Re: [EXTERNAL] Re: Re: Re: Stage level scheduling - lower the number of executors when using GPUs

2022-11-14 Thread Shay Elbaz
We're actually running on on-prem Kubernetes with a custom-built build Spark 
image, with altered entrypoint.sh and other "low-level" scripts and configs, 
but I don't think this is a good direction to solve this specific issue.

Shay

From: Artemis User 
Sent: Thursday, November 3, 2022 8:35 PM
To: user@spark.apache.org 
Subject: [EXTERNAL] Re: Re: Re: Stage level scheduling - lower the number of 
executors when using GPUs


ATTENTION: This email originated from outside of GM.

  Now I see what you want to do.  If you have access to the cluster 
configuration files, you can modify the spark-env.sh file on the worker nodes 
to specify exactly which node you'd like to link with GPU cores and which one 
not.  This would allow only those nodes configured with GPU-resources getting 
scheduled/acquired for your GPU tasks (see Rapids user guide at 
https://nvidia.github.io/spark-rapids/docs/get-started/getting-started-on-prem.html).

We are using Rapids in our on-prem Spark environment with complete control of 
OS, file and network systems, containers and even hardware/GPU settings.  I 
guess you are using one of the cloud services so I am not sure if you have 
access to the low-level cluster config on EMR or GCP, which gave you a 
cookie-cutter type of cluster settings with limited configurability.  But under 
the hood, I believe they do use Nvidia Rapids which currently is the only 
option for GPU acceleration in Spark (Spark 3.x.x distribution package doesn't 
include Rapids or any GPU integration libs).  So you may want to dive into the 
Rapids instructions for more configuration and usage info (it does provide 
detailed instructions on how to run Rapids on EMR, Databricks and GCP).

On 11/3/22 12:10 PM, Shay Elbaz wrote:
Thanks again Artemis, I really appreciate it. I have watched the video but did 
not find an answer.

Please bear with me just one more iteration 

Maybe I'll be more specific:
Suppose I start the application with maxExecutors=500, executors.cores=2, 
because that's the amount of resources needed for the ETL part. But for the DL 
part I only need 20 GPUs. SLS API only allows to set the resources per 
executor/task, so Spark would (try to) allocate up to 500 GPUs, assuming I 
configure the profile with 1 GPU per executor.
So, the question is how do I limit the stage resources to 20 GPUs total?

Thanks again,
Shay


From: Artemis User <mailto:arte...@dtechspace.com>
Sent: Thursday, November 3, 2022 5:23 PM
To: user@spark.apache.org<mailto:user@spark.apache.org> 
<mailto:user@spark.apache.org>
Subject: [EXTERNAL] Re: Re: Stage level scheduling - lower the number of 
executors when using GPUs


ATTENTION: This email originated from outside of GM.

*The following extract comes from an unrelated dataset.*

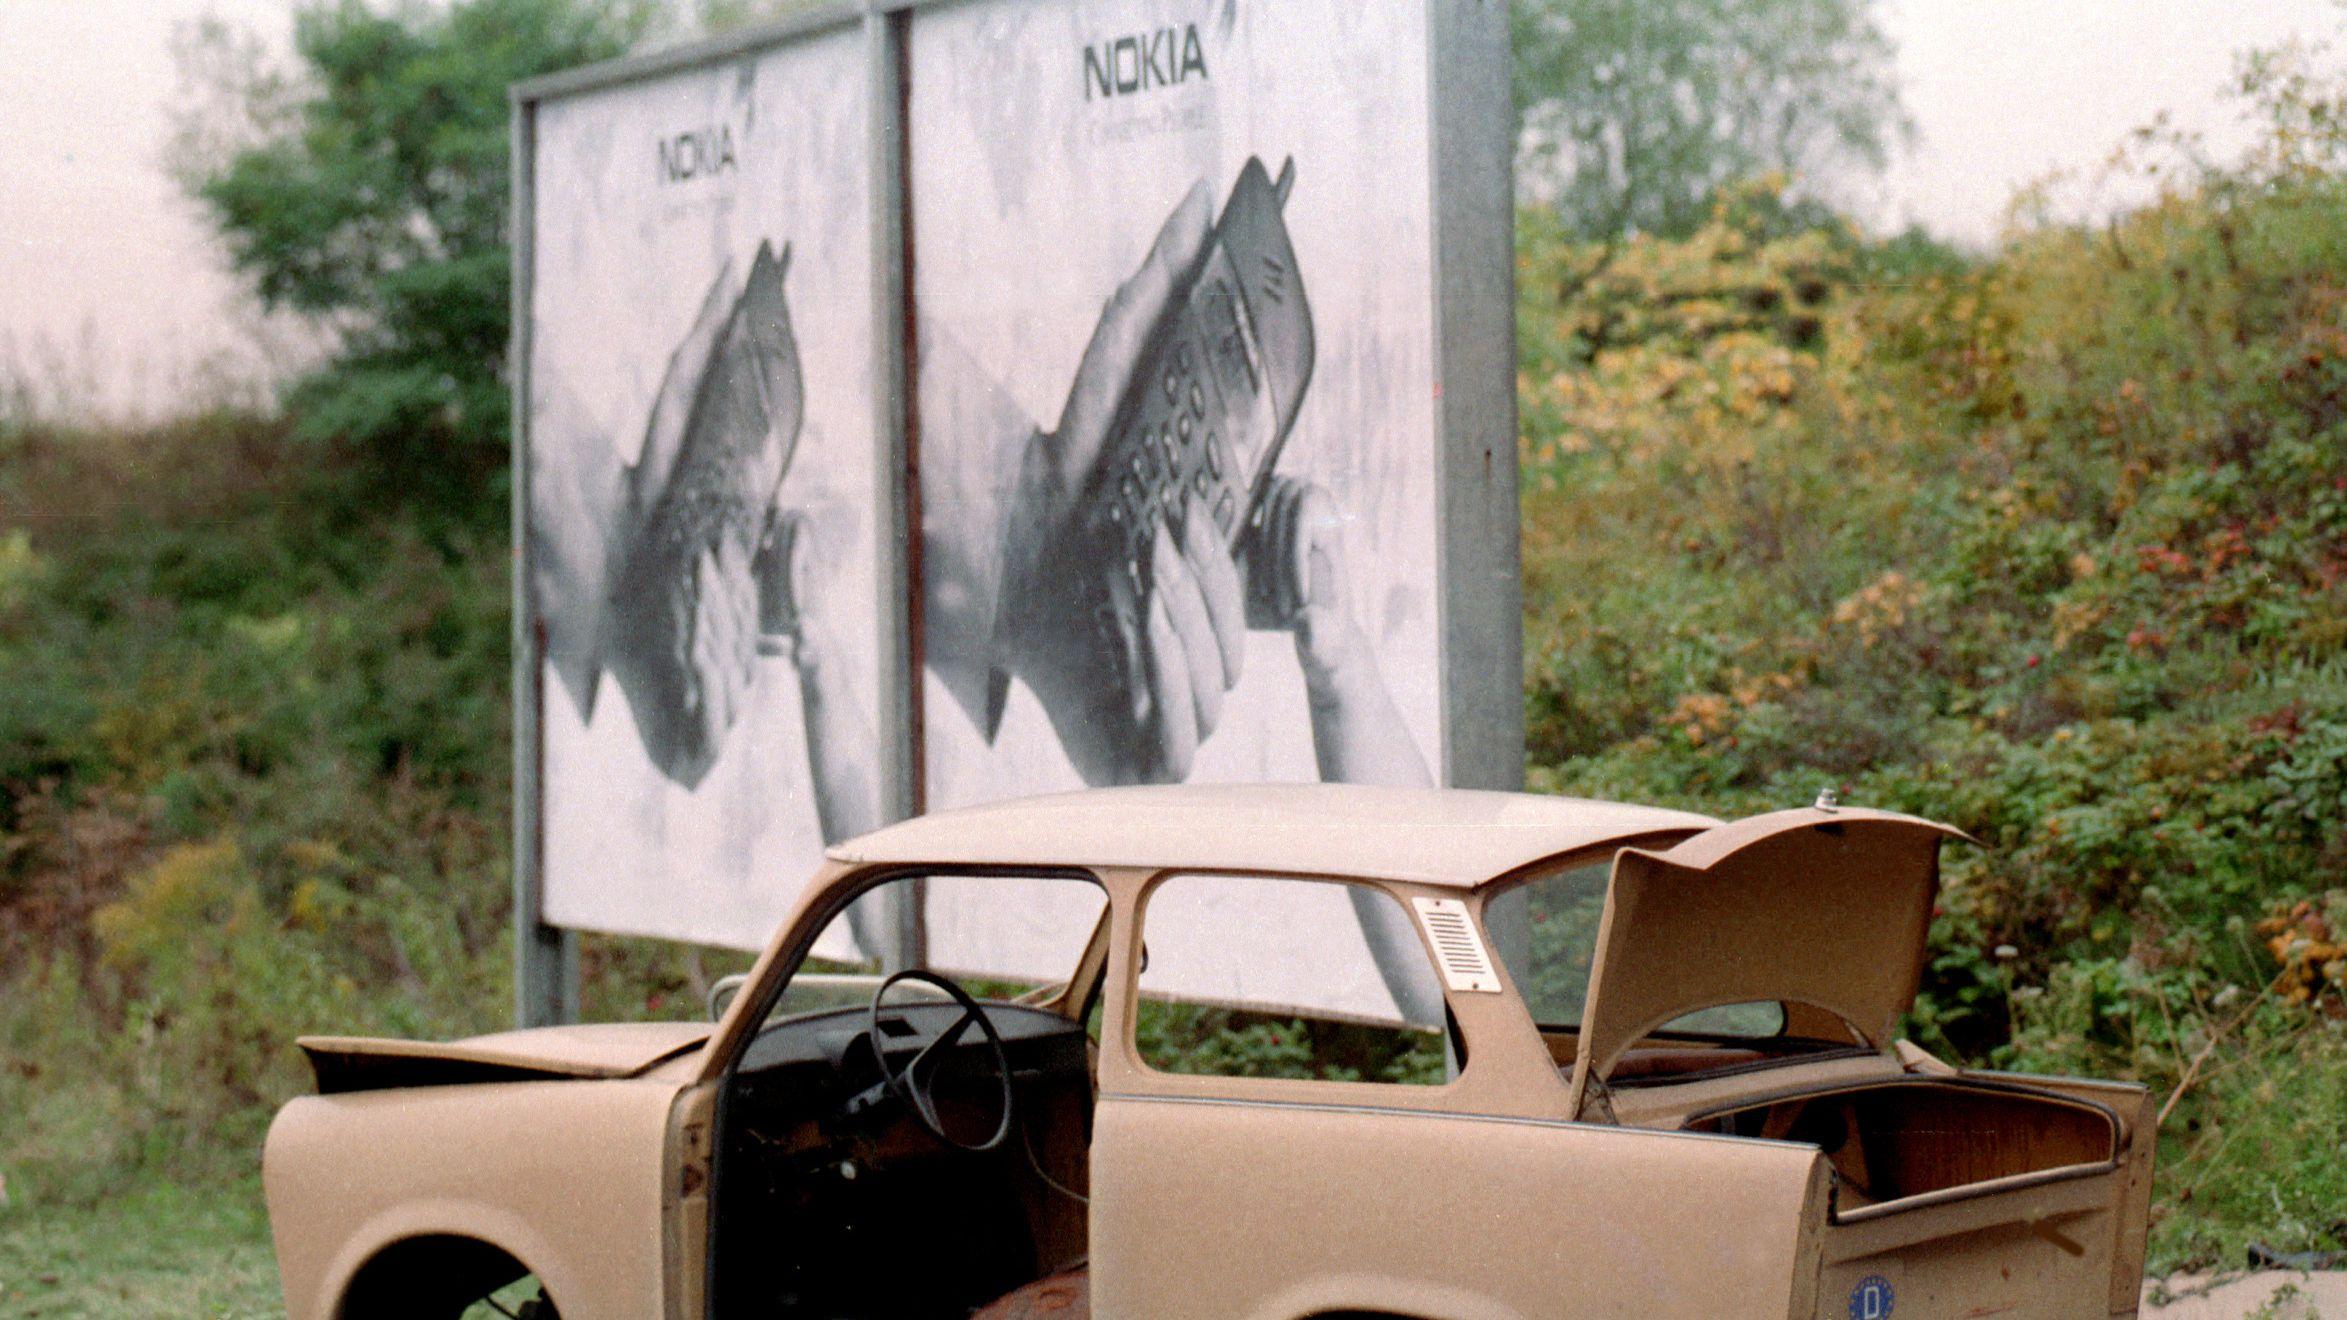 Ost-Berlin 1991: Trabbi-Karosserie vor Handy-Werbung

  Shay,  You may find this video helpful (with some API code samples that you 
are looking for).  https://www.youtube.com/watch?v=JNQu-226wUc=171s.  The 
issue here isn't how to limit the number of executors but to request for the 
right GPU-enabled executors dynamically.  Those executors used in pre-GPU 
stages should be returned back to resource managers with dynamic resource 
allocation enabled (and with the right DRA policies).  Hope this helps..

Unfortunately there isn't a lot of detailed docs for this topic since GPU 
acceleration is kind of new in Spark (not straightforward like in TF).   I wish 
the Spark doc team could provide more details in the next release...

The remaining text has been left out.